The film uses the surviving hijackers’ memories as material through which scenarios are visualised by artist Daxiong, also a Falun Gong practitioner, who was forced to leave China as a result of the government crackdown following the hijacking. The design includes elaborate architectures and environments, through which the camera travels revealing characters and scenarios. As the action progresses we are introduced to a group of characters who come together as a community of activists, and are subsequently torn apart by the repercussions of their activism.

Eternal Spring does not completely get away from some of the problematic elements of animated reconstruction (and indeed of any reconstruction or reenactment), whereby richly detailed scenes are presented without the audience having full access to the knowledge of which details of the action and environment come from rigorous research, memory or record, and which come from the imagination of the filmmakers and designers.

However the film does constantly work to legitimise its representations, by adopting the reflexive technique of showing the research and development process through the eyes of Daxiong. The artist reflects on his own life and memories at the same time as talking to surviving hijackers and reconstructing theirs.

This process of making what Daxiong describes as ‘art based on a shared memory’ forms the spine of the film, with reconstructions emerging from live action interview scenes in which Daxiong is sketching as interviewees are describing their memories. At other times we see interviewees looking at designs and work-in-progress animated scenes, and responding to them, before we are plunged into the fully rendered glossy scene itself.

The visual design of the animated scenes gives the action, including scenes of physical abuse, a comic book / gangster heist quality. Gangster film tropes are also referenced in the cinematography, down to freeze-frame character introductions and even a dolly zoom in a diner, à la Goodfellas. This use of cinematic language can add drama in certain moments – the hijack itself gets quite tense – but gives it also gives the film a genre sheen that can be distancing at times.

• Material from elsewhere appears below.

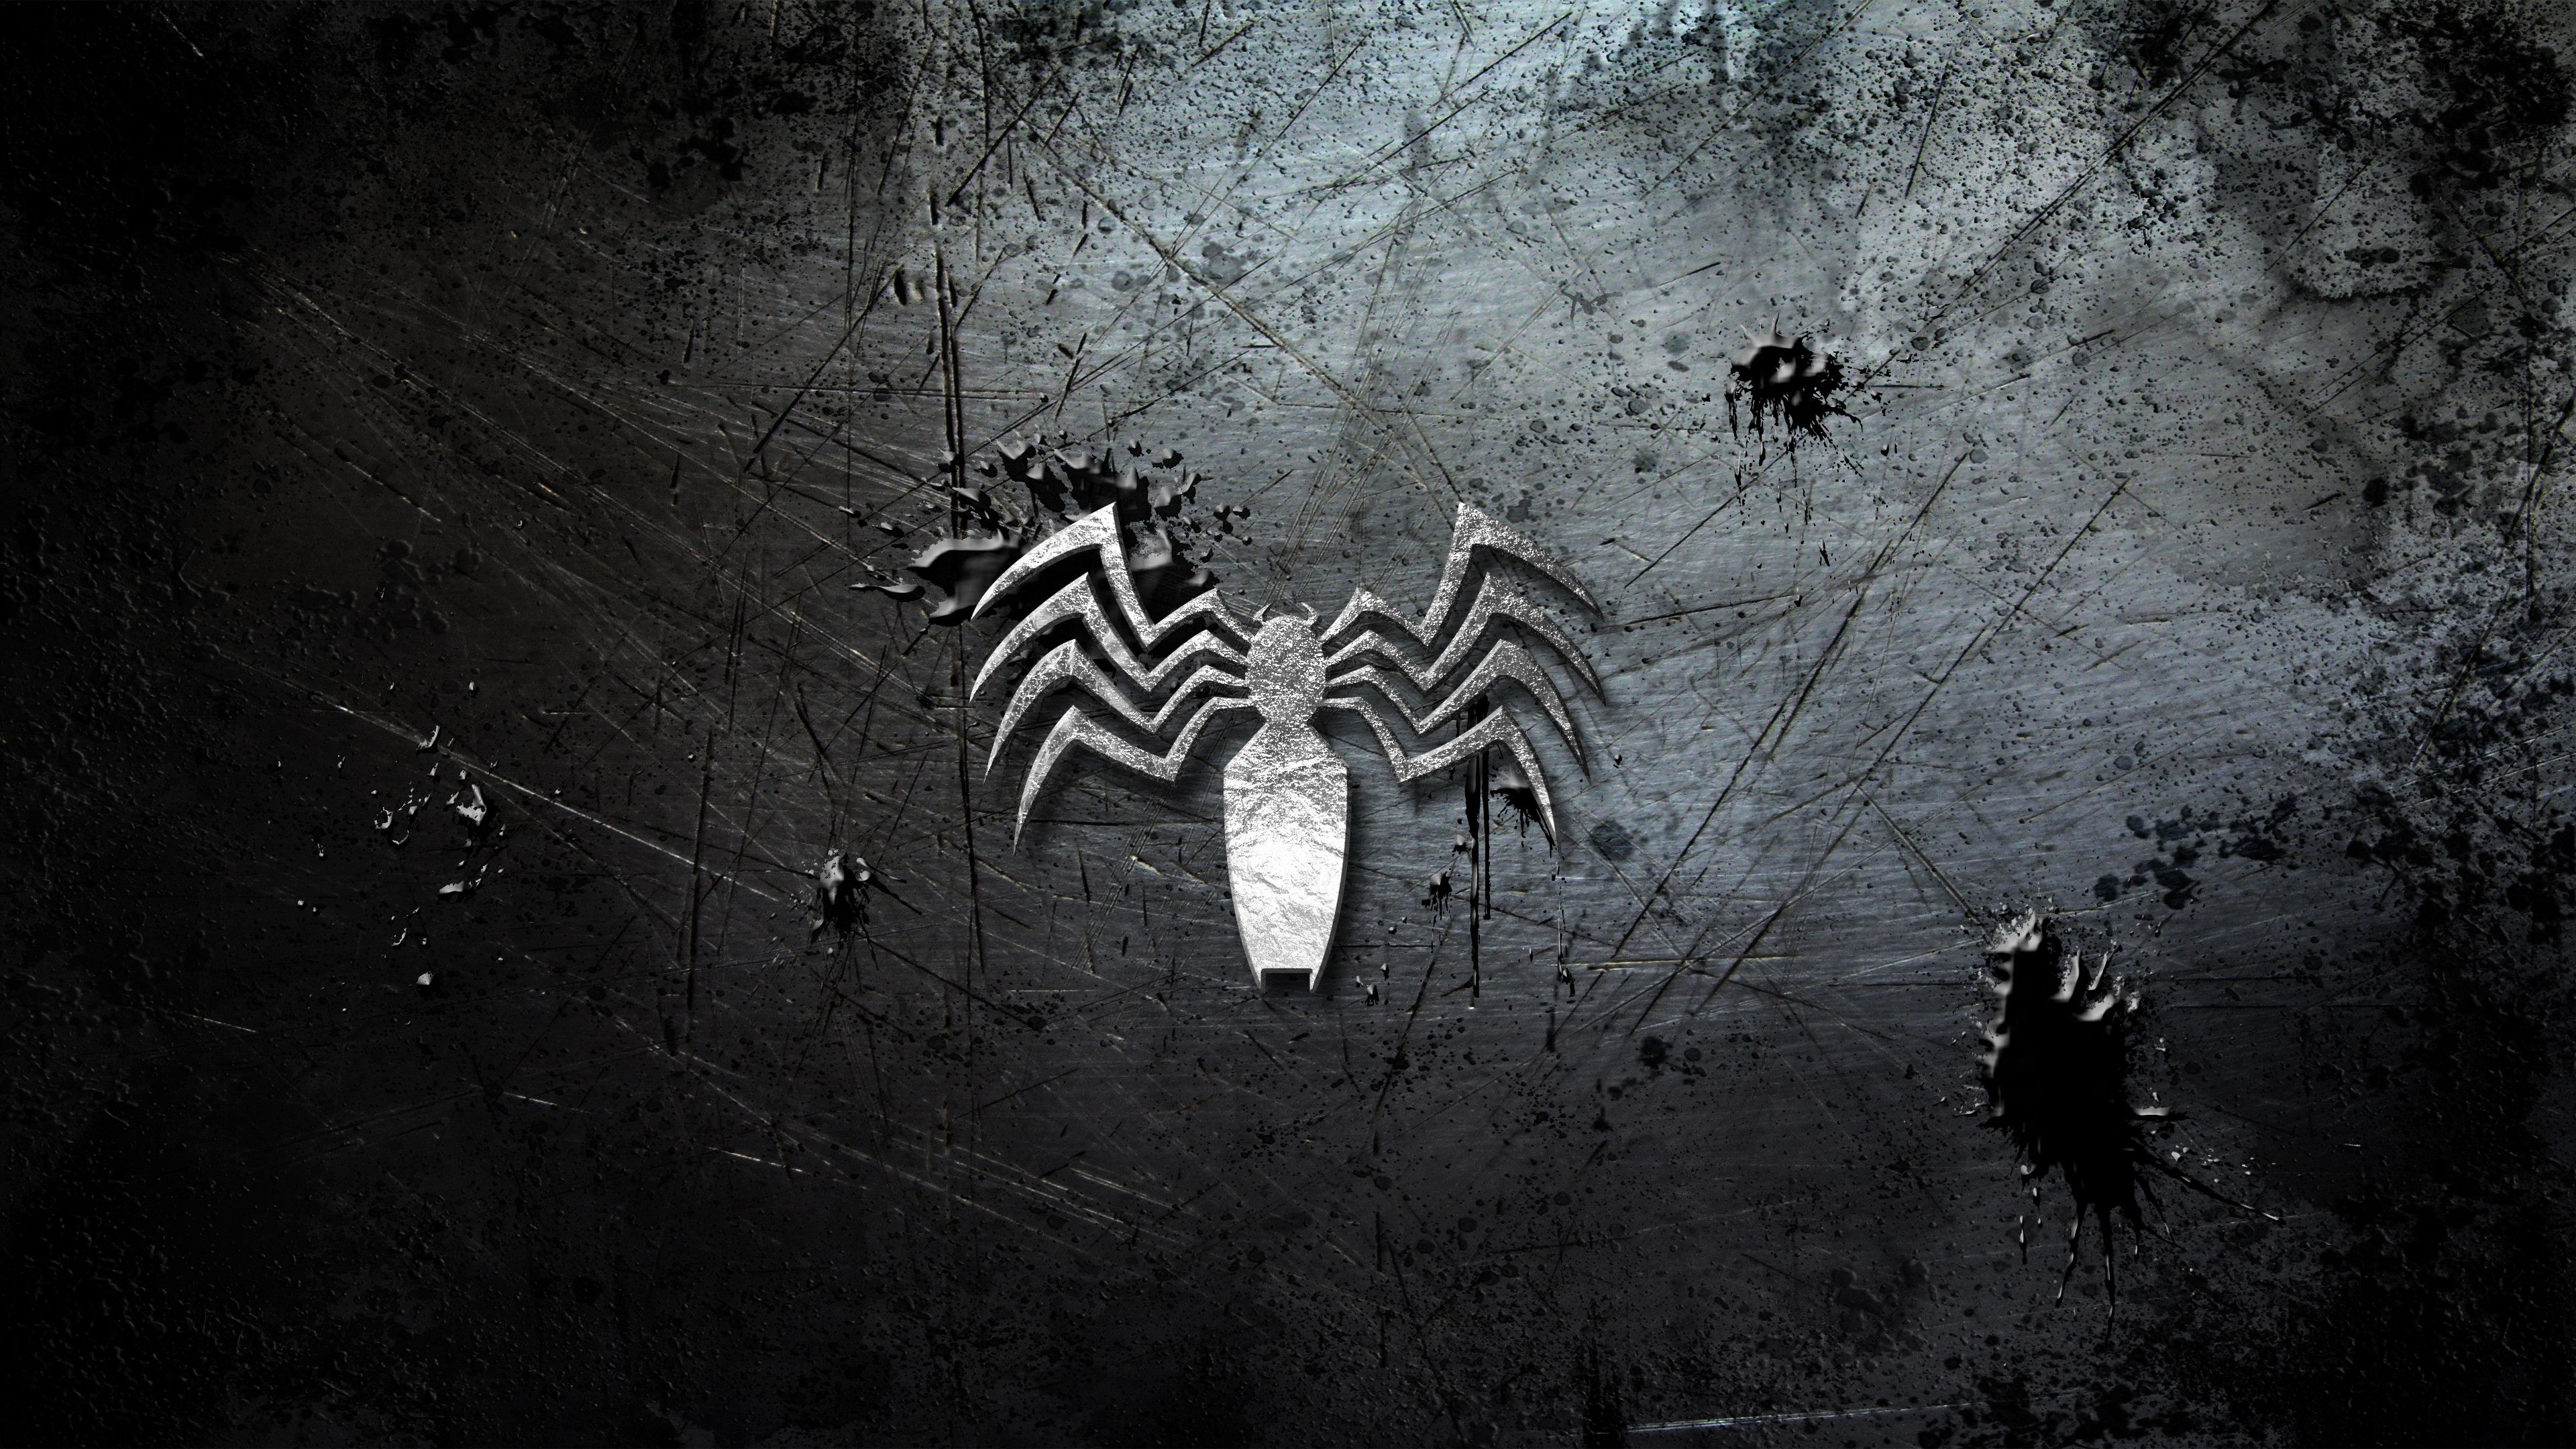 venom wallpaper 1920x1080, venom 4k wallpaper for pc

The film also breaks with this design at moments, including a beautifully fluid expressionistic sequence at an emotional climax, in which a character’s psychology is represented through more abstracted images and action, leaning into symbolic imagery and evocative sounds, in an inky black-and-white aesthetic. Moments such as this elevate the film, heightening emotion and exploiting animation’s ability to do more than merely reenact.

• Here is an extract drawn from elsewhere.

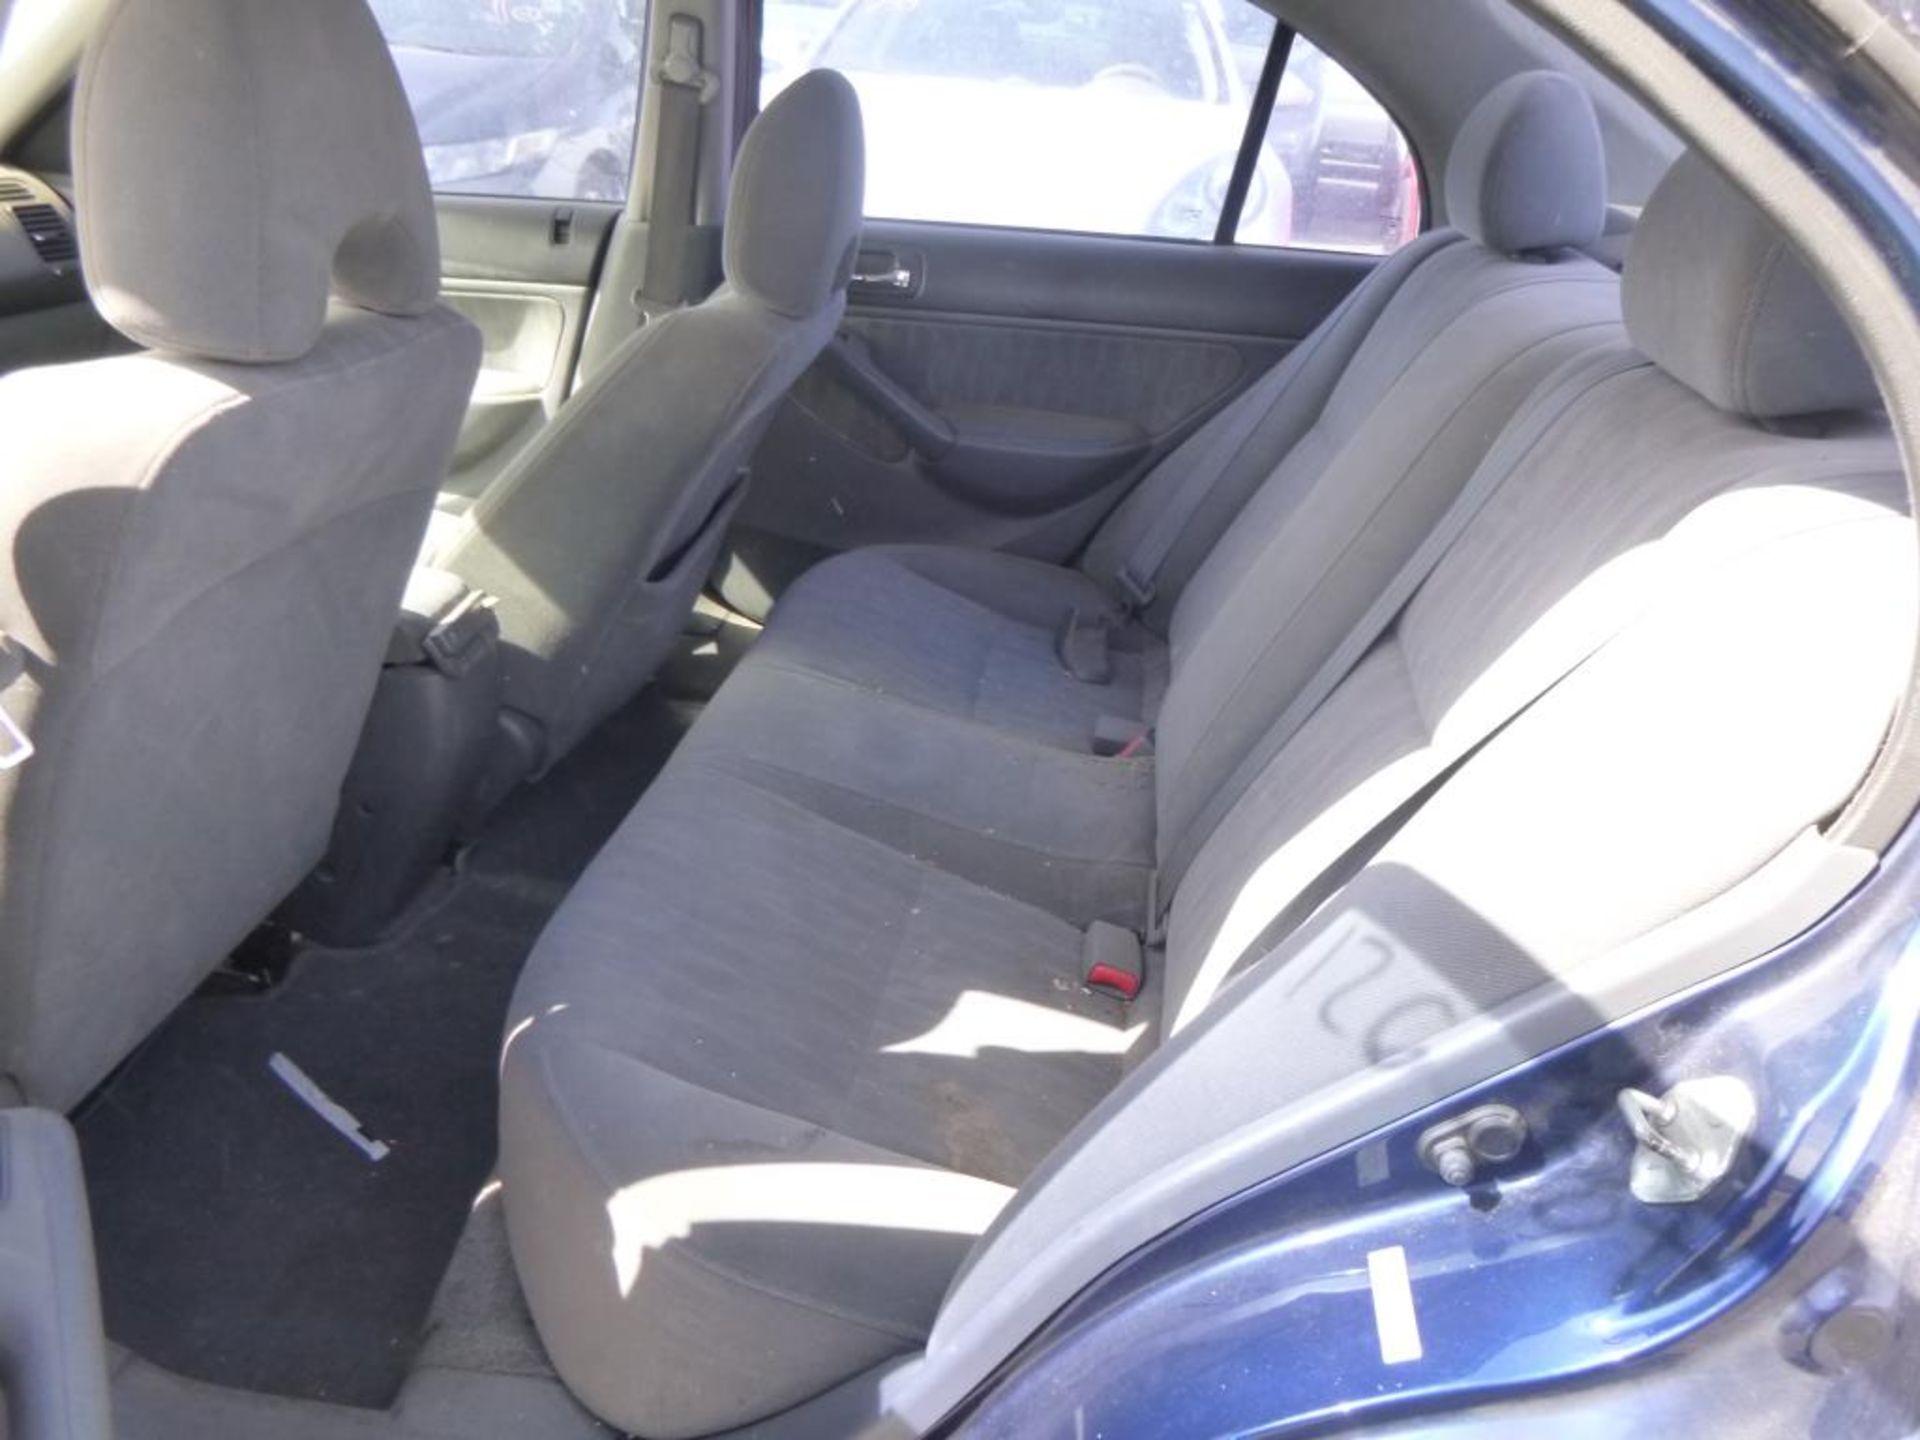 2004 Honda Civic - Image 7 of 14

Eternal Spring focuses its action almost exclusively around the run-up to and the fallout from the 2002 hijack. The absence of a wider contemporary context for Falun Gong has led some reviewers to view the film with notes of suspicion. The absence of any reference to the movement’s links to far right US media, for example, raises eyebrows in otherwise positive reviews in Indiewire and The Guardian. But this is a film that is honestly and unashamedly one-sided. It tells the story from the point of view of the hijackers – their experience of persecution, and of the sometimes exhilarating, ultimately tragic, events that changed the course of their lives. It’s an absorbing watch, a polished production, and essential viewing for anyone with an interest in the animated documentary form.

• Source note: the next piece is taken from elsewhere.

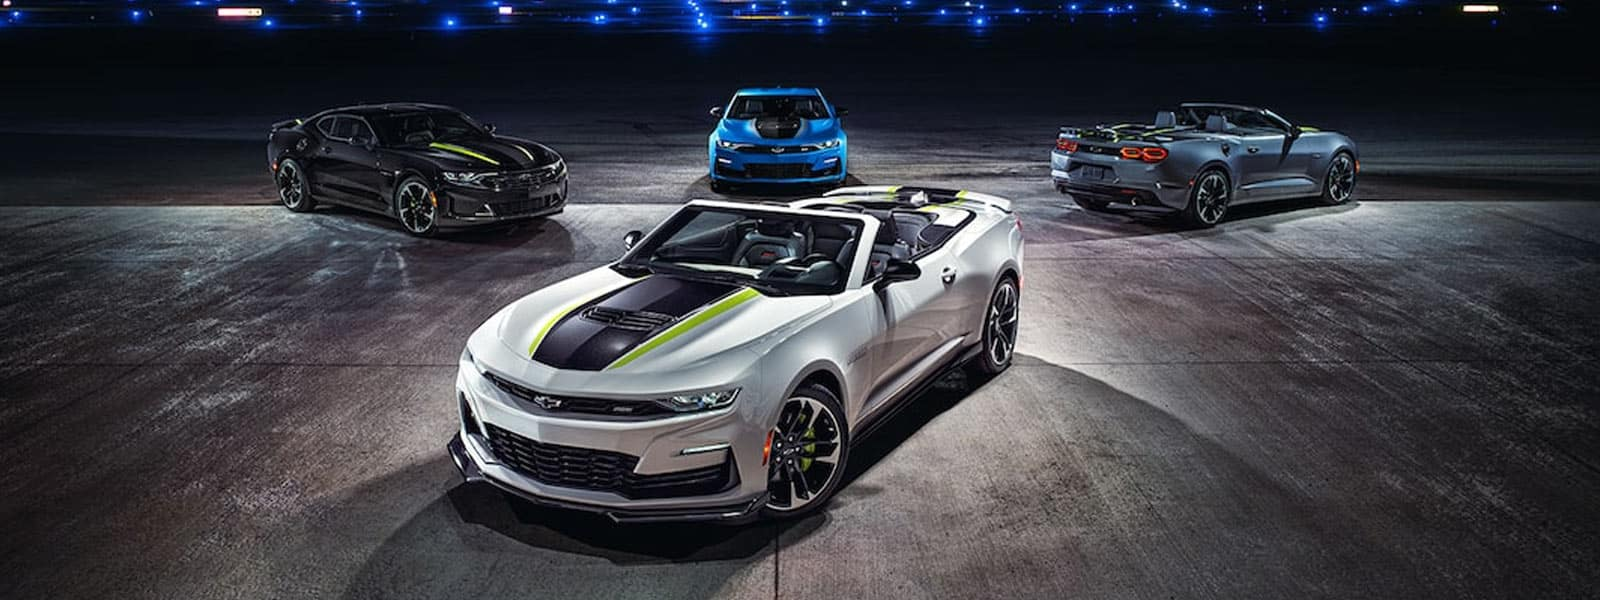 Finance or Lease new 2022 Chevrolet Camaro in Thornhill near Toronto Ontario

To find local screenings and more information on Eternal Spring, see the website: eternalspringfilm.com

On UK art schools and animated documentaries

I recently conducted a study of short UK-produced animated documentaries programmed in film festivals between 2015 and 2020.  Of 146 films, almost a third were student productions. In many cases these films emerged from art universities, and they were often directed, researched, produced, designed, and animated by a single filmmaker. It got me thinking about animated documentary, and creativity, and art school. Animated documentary production involves so many skills – animation, design, storytelling, research, legals, ethics, communication… what kind of a degree programme can best support a student to make these kinds of films?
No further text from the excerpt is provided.